Towards Automated and Marker-less Parkinson Disease Assessment: Predicting UPDRS Scores using Sit-stand videos
Mehta, Deval, Asif, Umar, Hao, Tian, Bilal, Erhan, Von Cavallar, Stefan, Harrer, Stefan, Rogers, Jeffrey
This paper presents a novel deep learning enabled, video based analysis framework for assessing the Unified Parkinsons Disease Rating Scale (UPDRS) that can be used in the clinic or at home. We report results from comparing the performance of the framework to that of trained clinicians on a population of 32 Parkinsons disease (PD) patients.
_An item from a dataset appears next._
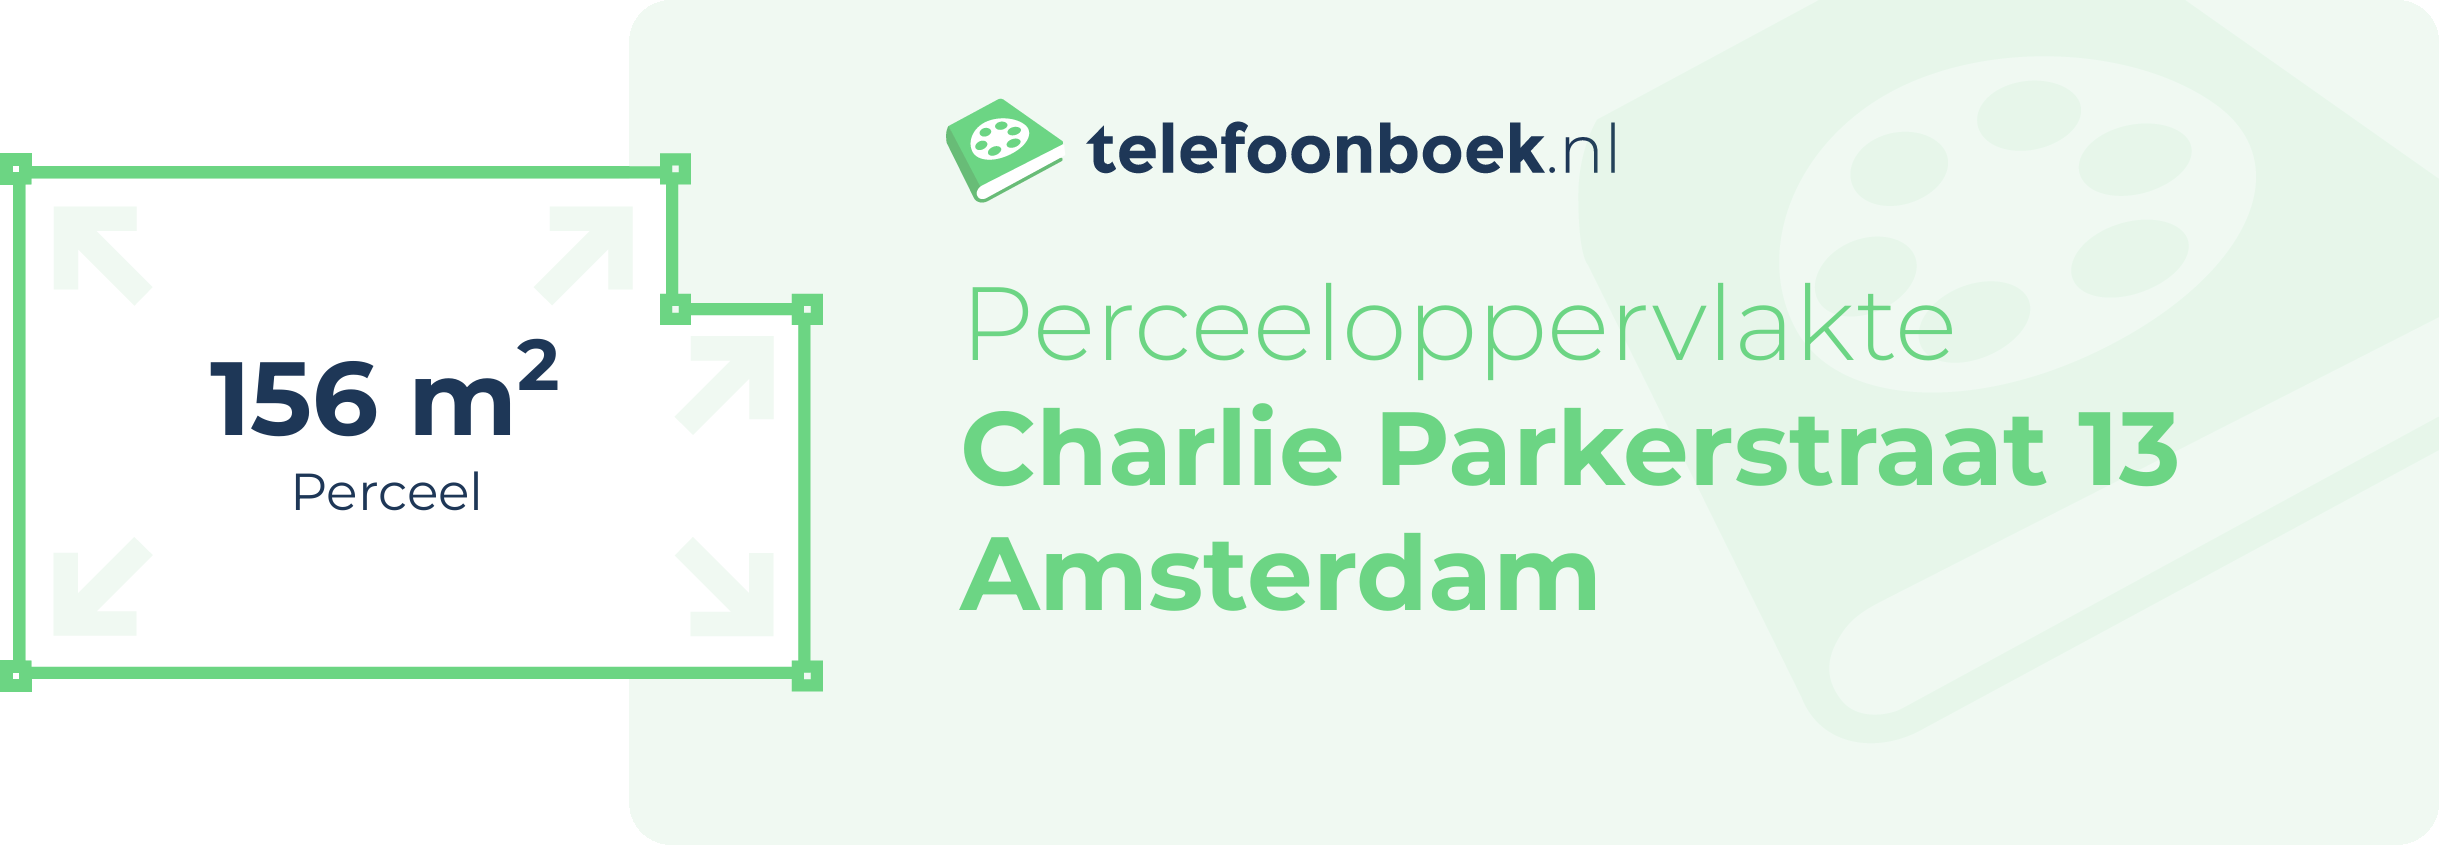 Perceeloppervlakte Charlie Parkerstraat 13 Amsterdam

In-person clinical assessments by trained neurologists are used as the ground truth for training our framework and for comparing the performance. We find that the standard sit-to-stand activity can be used to evaluate the UPDRS sub-scores of bradykinesia (BRADY) and posture instability and gait disorders (PIGD). For BRADY we find F1-scores of 0.75 using our framework compared to 0.50 for the video based rater clinicians, while for PIGD we find 0.78 for the framework and 0.45 for the video based rater clinicians. We believe our proposed framework has potential to provide clinically acceptable end points of PD in greater granularity without imposing burdens on patients and clinicians, which empowers a variety of use cases such as passive tracking of PD progression in spaces such as nursing homes, in-home self-assessment, and enhanced tele-medicine.